Data supplied section start
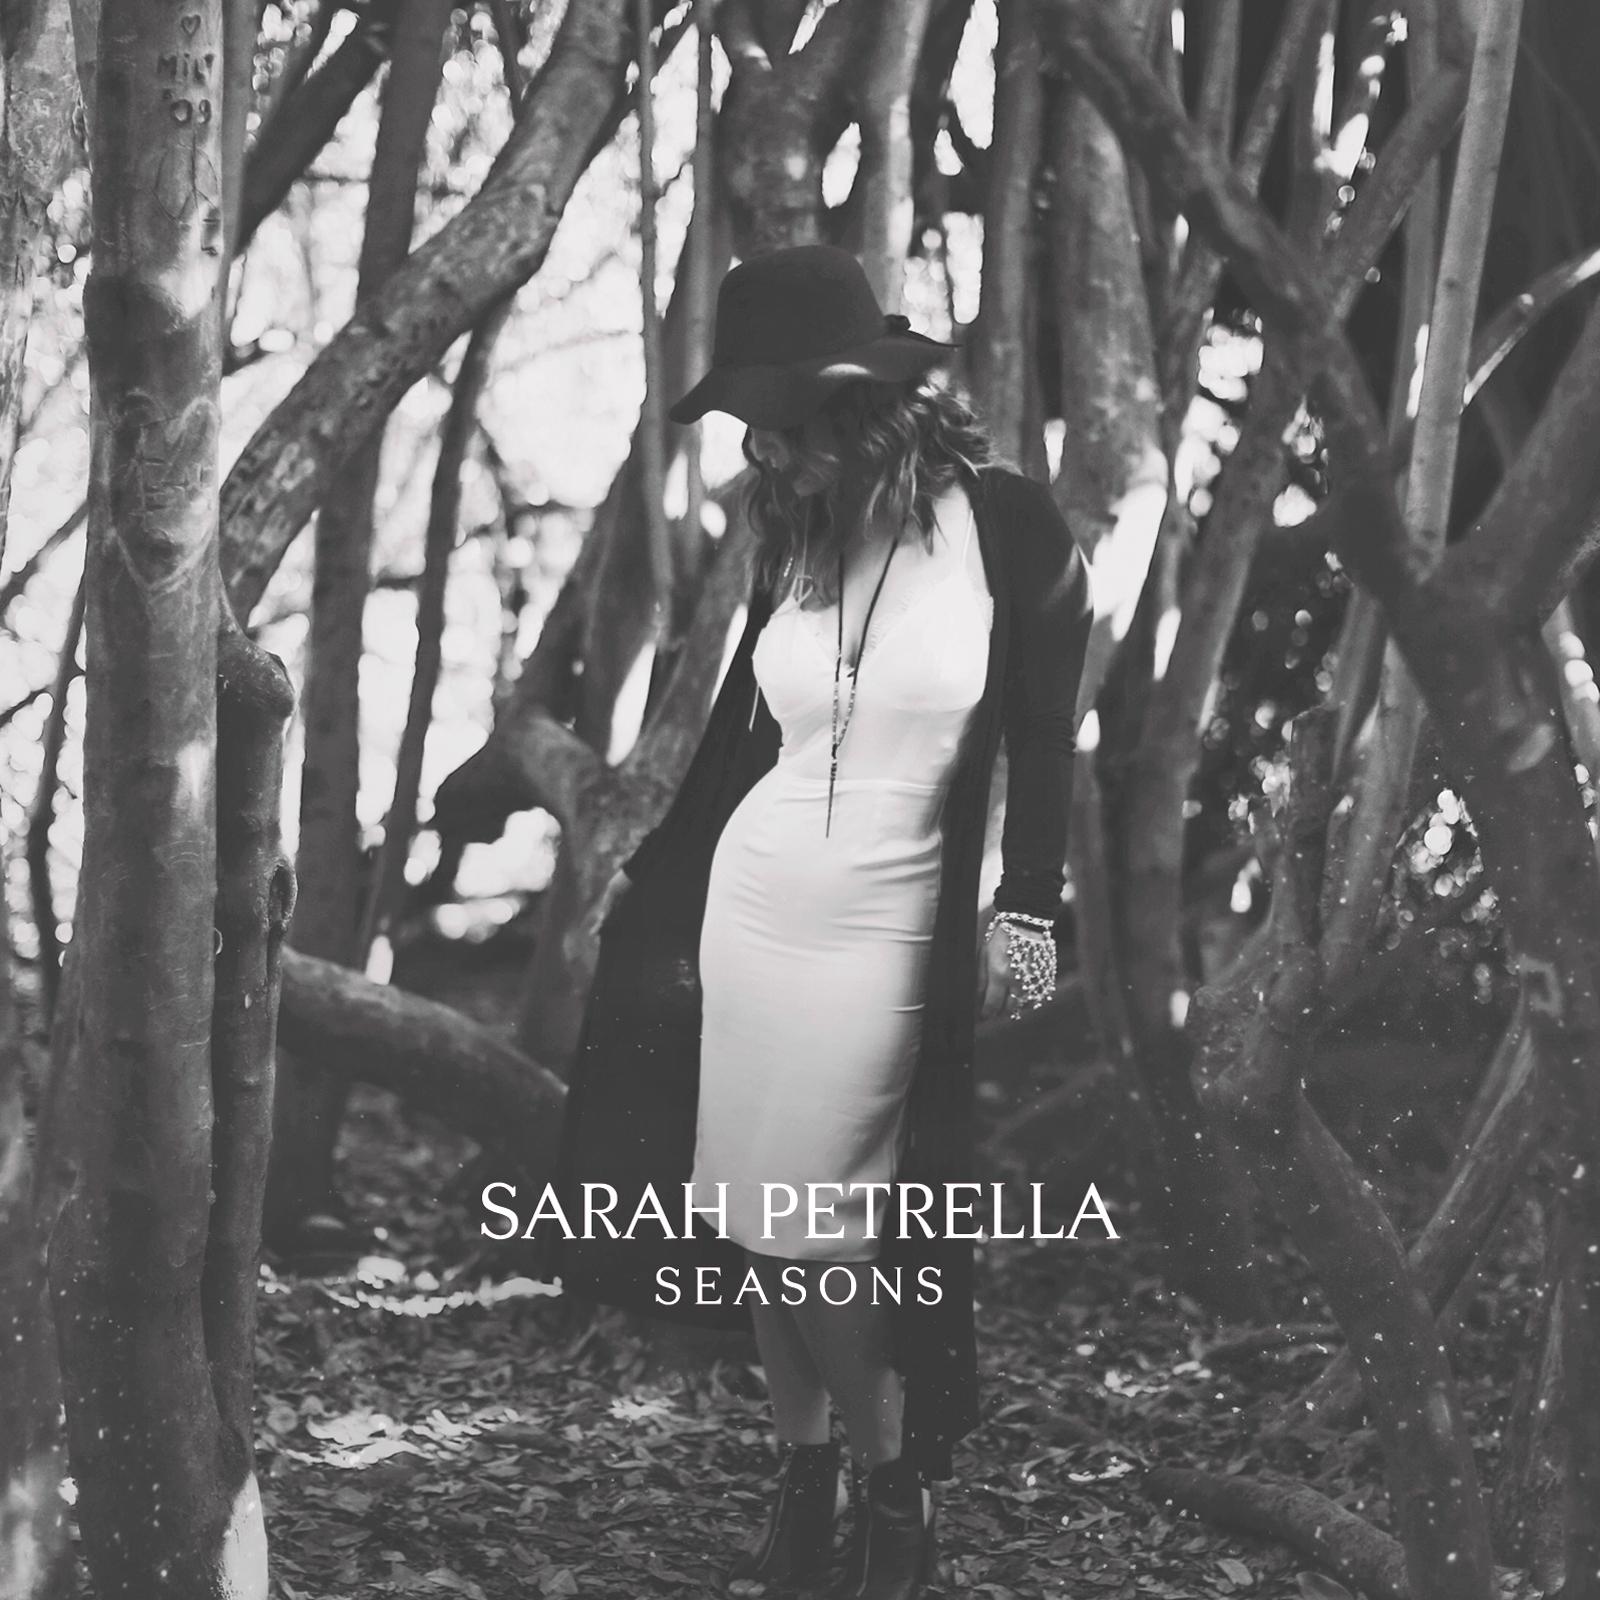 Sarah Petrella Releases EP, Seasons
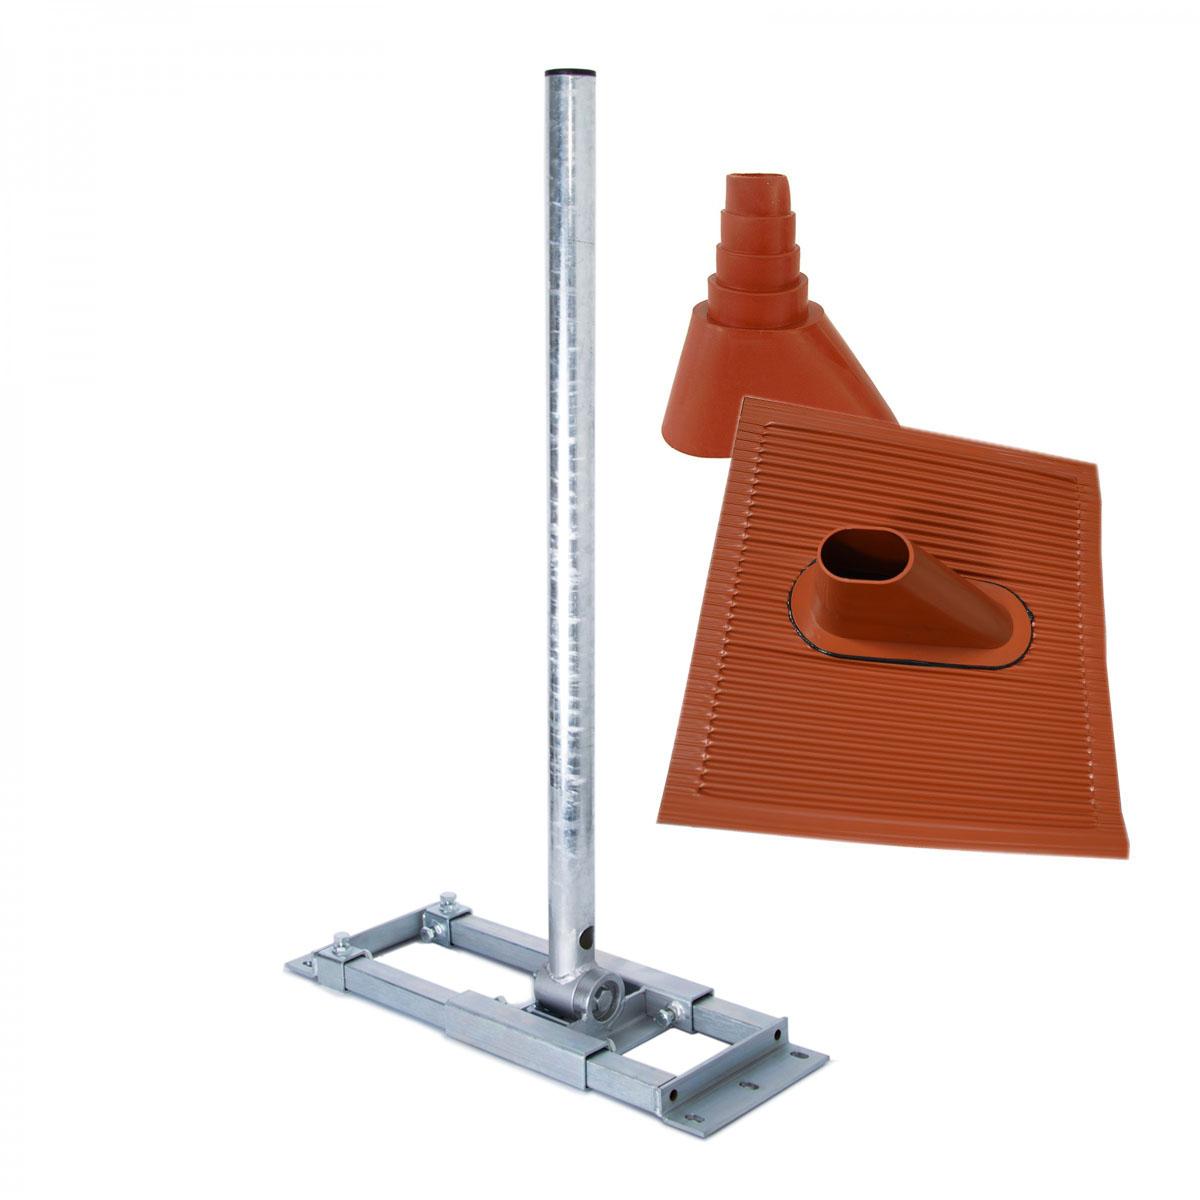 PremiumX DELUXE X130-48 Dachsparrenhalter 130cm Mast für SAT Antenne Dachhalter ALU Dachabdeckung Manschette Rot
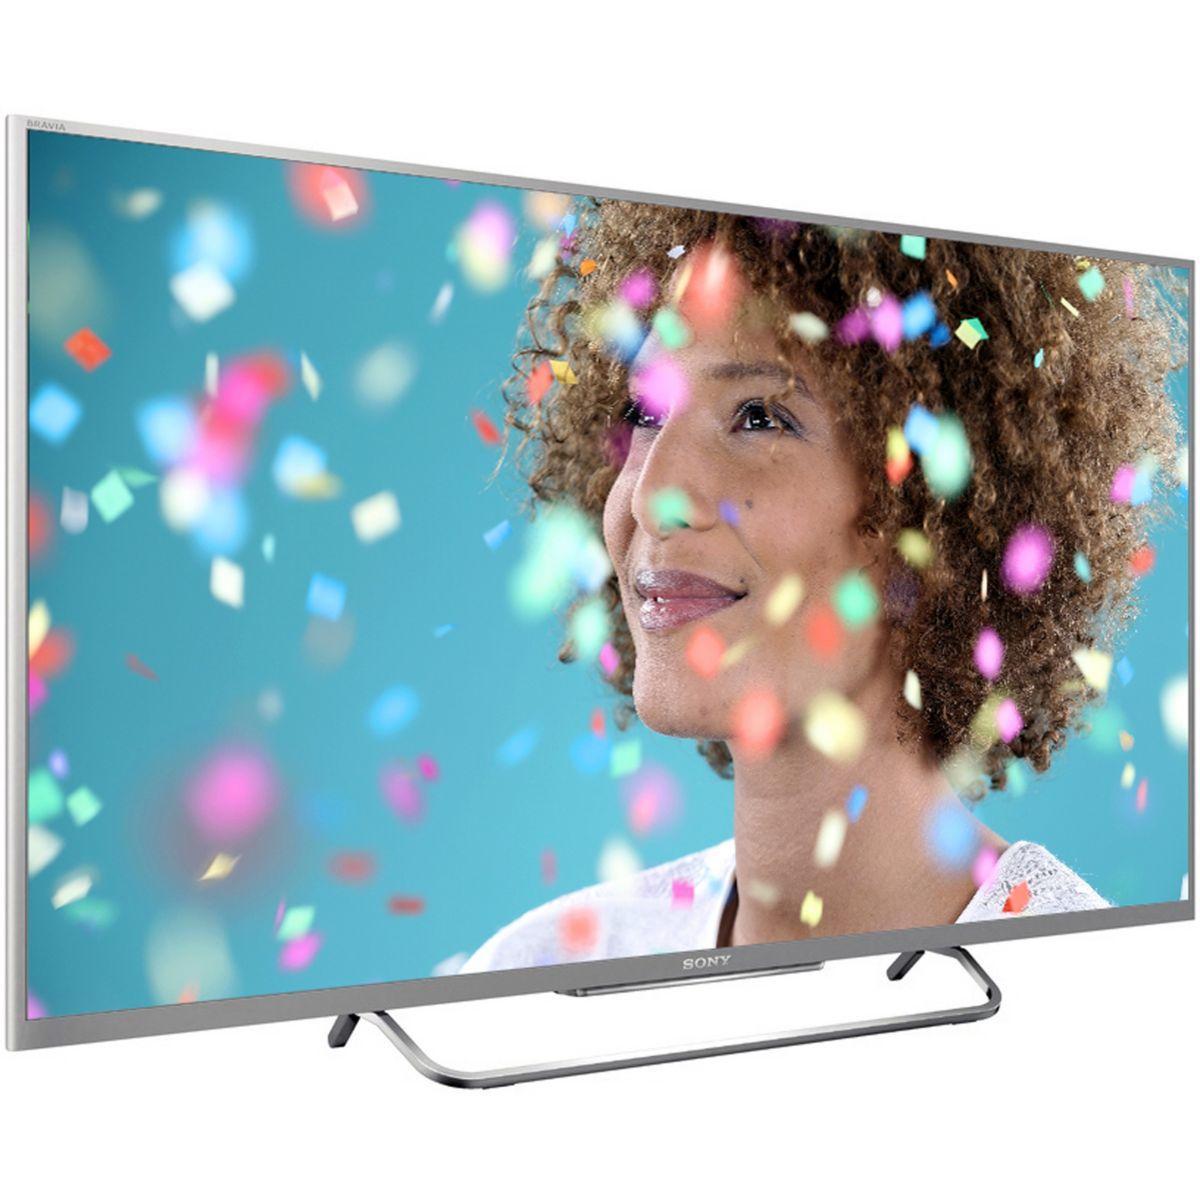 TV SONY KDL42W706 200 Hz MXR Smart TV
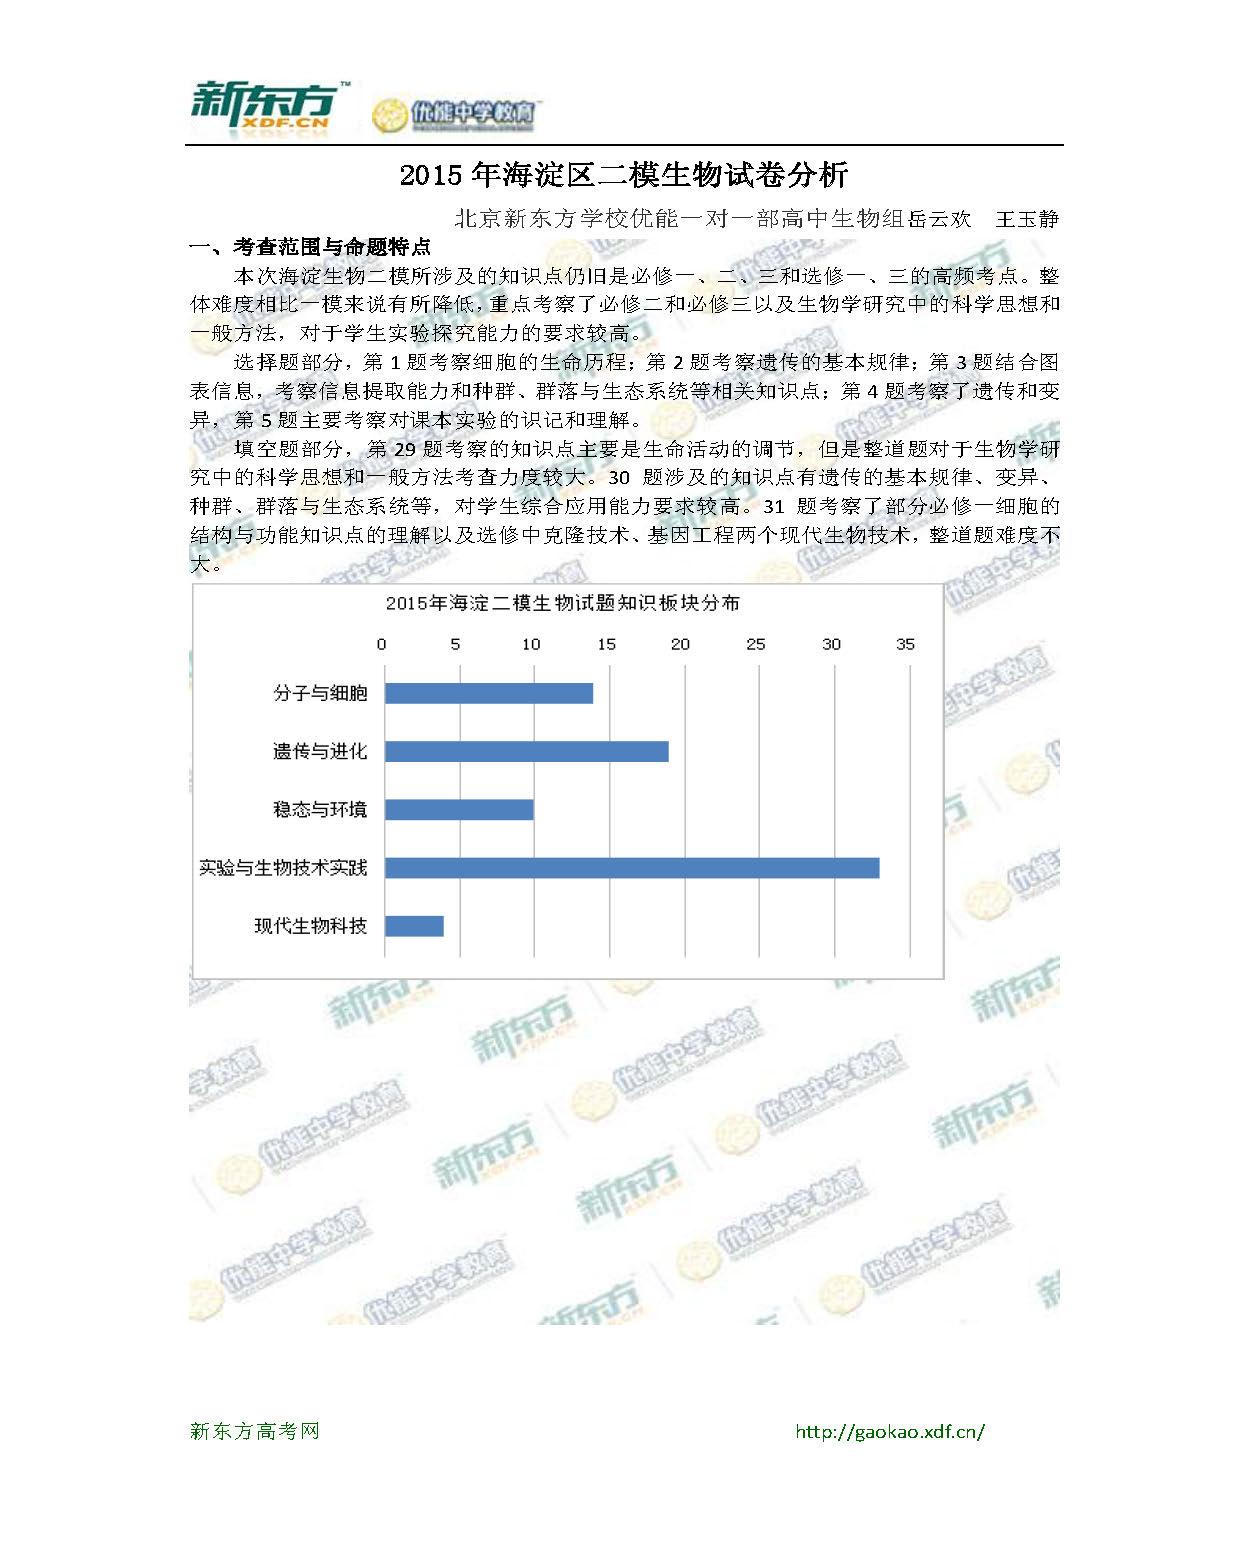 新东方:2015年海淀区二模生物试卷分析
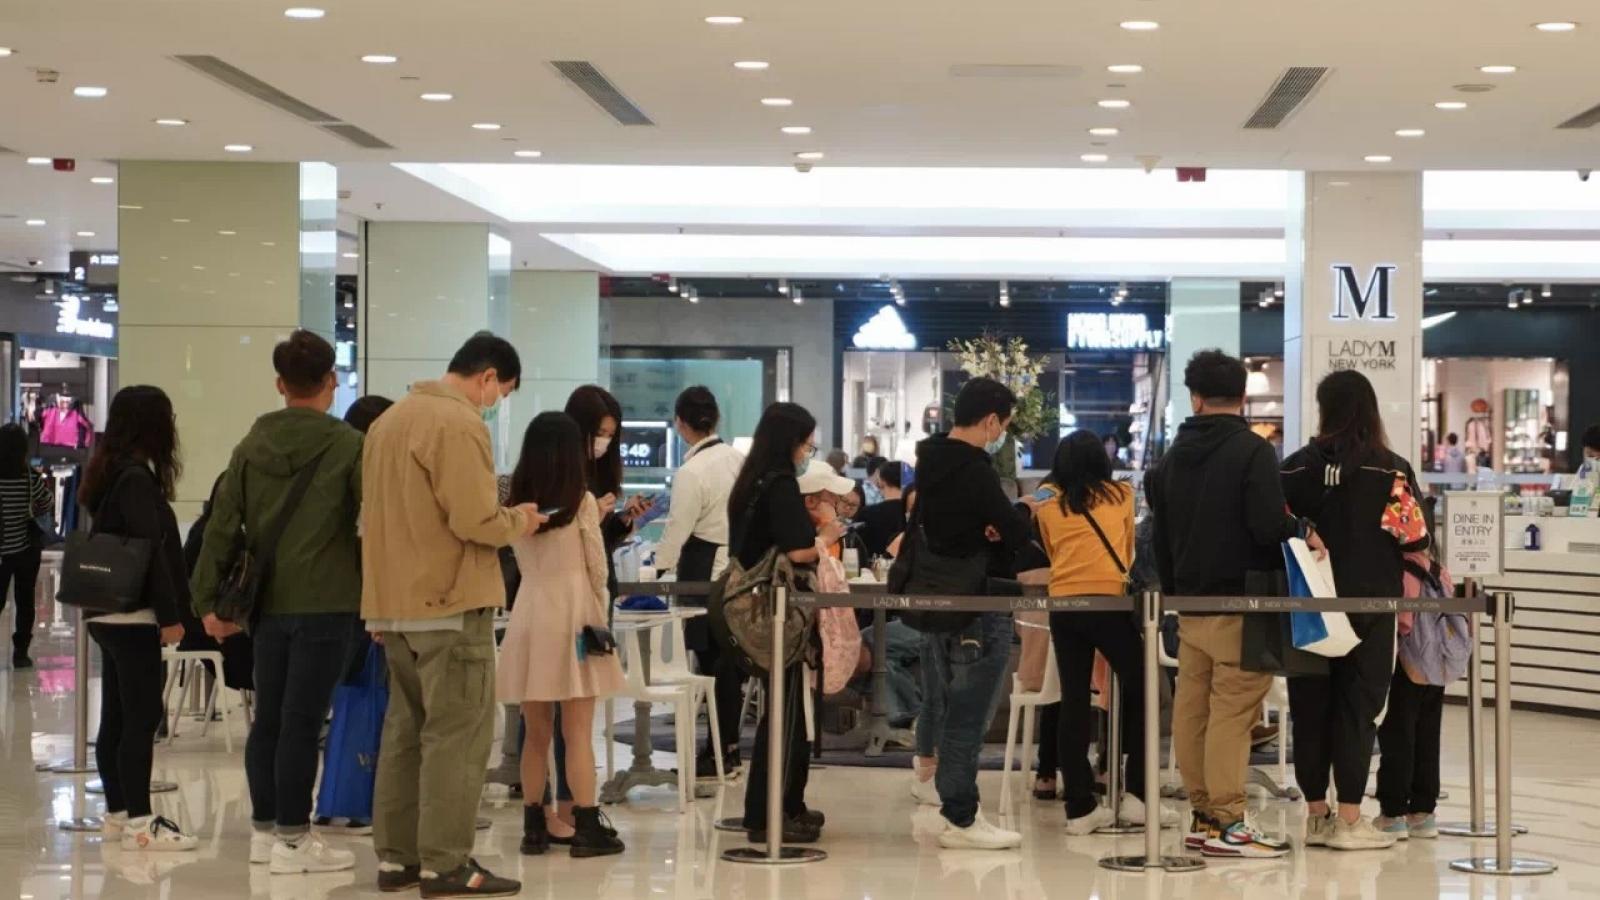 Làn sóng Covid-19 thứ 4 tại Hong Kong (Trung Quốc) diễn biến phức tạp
Data supplied section end
What the exercise asks:
Should a picture appear among the entries above, omit it and repeat everything else exactly.

Answer to this exercise:
 Sarah Petrella Releases EP, Seasons
 PremiumX DELUXE X130-48 Dachsparrenhalter 130cm Mast für SAT Antenne Dachhalter ALU Dachabdeckung Manschette Rot
 TV SONY KDL42W706 200 Hz MXR Smart TV
 新东方:2015年海淀区二模生物试卷分析
 Làn sóng Covid-19 thứ 4 tại Hong Kong (Trung Quốc) diễn biến phức tạp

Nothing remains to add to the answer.